I have been reading Michael Pollan's book The Omnivore's Dilemma, a lucid account of the path that food takes to arrive in our stomachs. The book is filled with facts and observations put together in a way that are at once fascinating and repulsive - reading this book might cause you to hesitate before putting a steak on the grill this weekend. Of course, that is the point, to get you to think about your food and where it comes from.

One observation which struck me as remarkable was the degree to which our food supply has become urbanized. No, we are not growing our food in the sprawling metropolises in which the majority of North Americans now live. Rather, we have turned the rural landscape into cities.

We are probably all aware that farming is no longer the pastoral occupation that it was before industrialization ushered in the 'green revolution'. What Michael Pollan alerts us to is the fact that most farms these days are really just monocultures of densely packed corn. In the 1920's, an acre of corn yielded 20 bushels of corn. With the introduction of hybrid corn in the 30's, the yield went up to 75 bushels per acre. Add modern fertilizer to the mix and you get a whopping 180 bushels of corn out of an acre of farmland. What you can see in this green revolution is the transformation from pastoral to urban: an acre of land whose population density has risen 9 fold in 90 years, spurred on by advances in technology.

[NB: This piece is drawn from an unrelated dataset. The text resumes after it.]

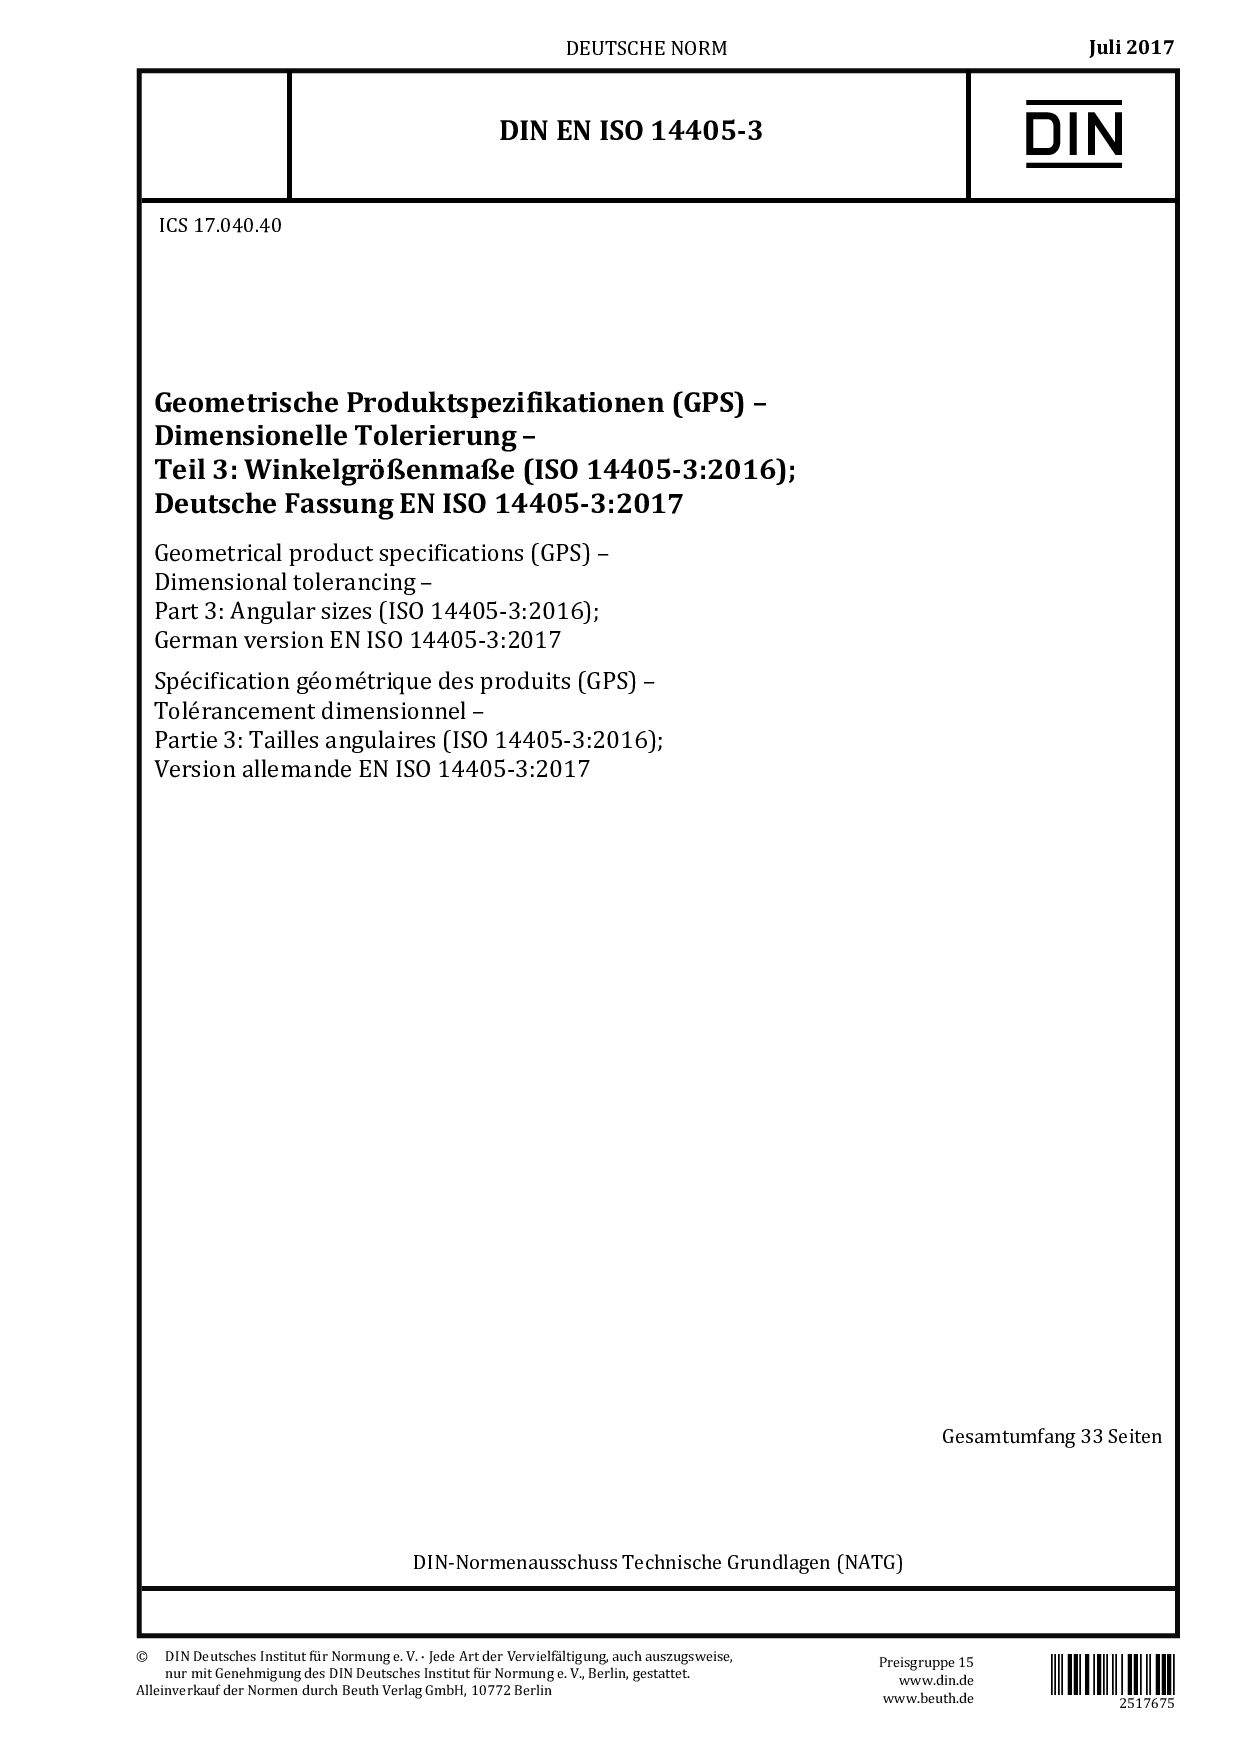 DIN EN ISO 14405-3:2017封面图

The metropolitan analogy does not end there, but continues when one considers the feedlots in which cattle stand crowded shoulder to shoulder, their legs mired in a foot or more of manure. Just as with humans in cities, they are no longer threatened by natural predators but by the scourges of metropolitan life, the richness of their diets and the stress of crowded conditions.

It was probably not intentional, but it is now a fact of life: we humans have urbanized the farm.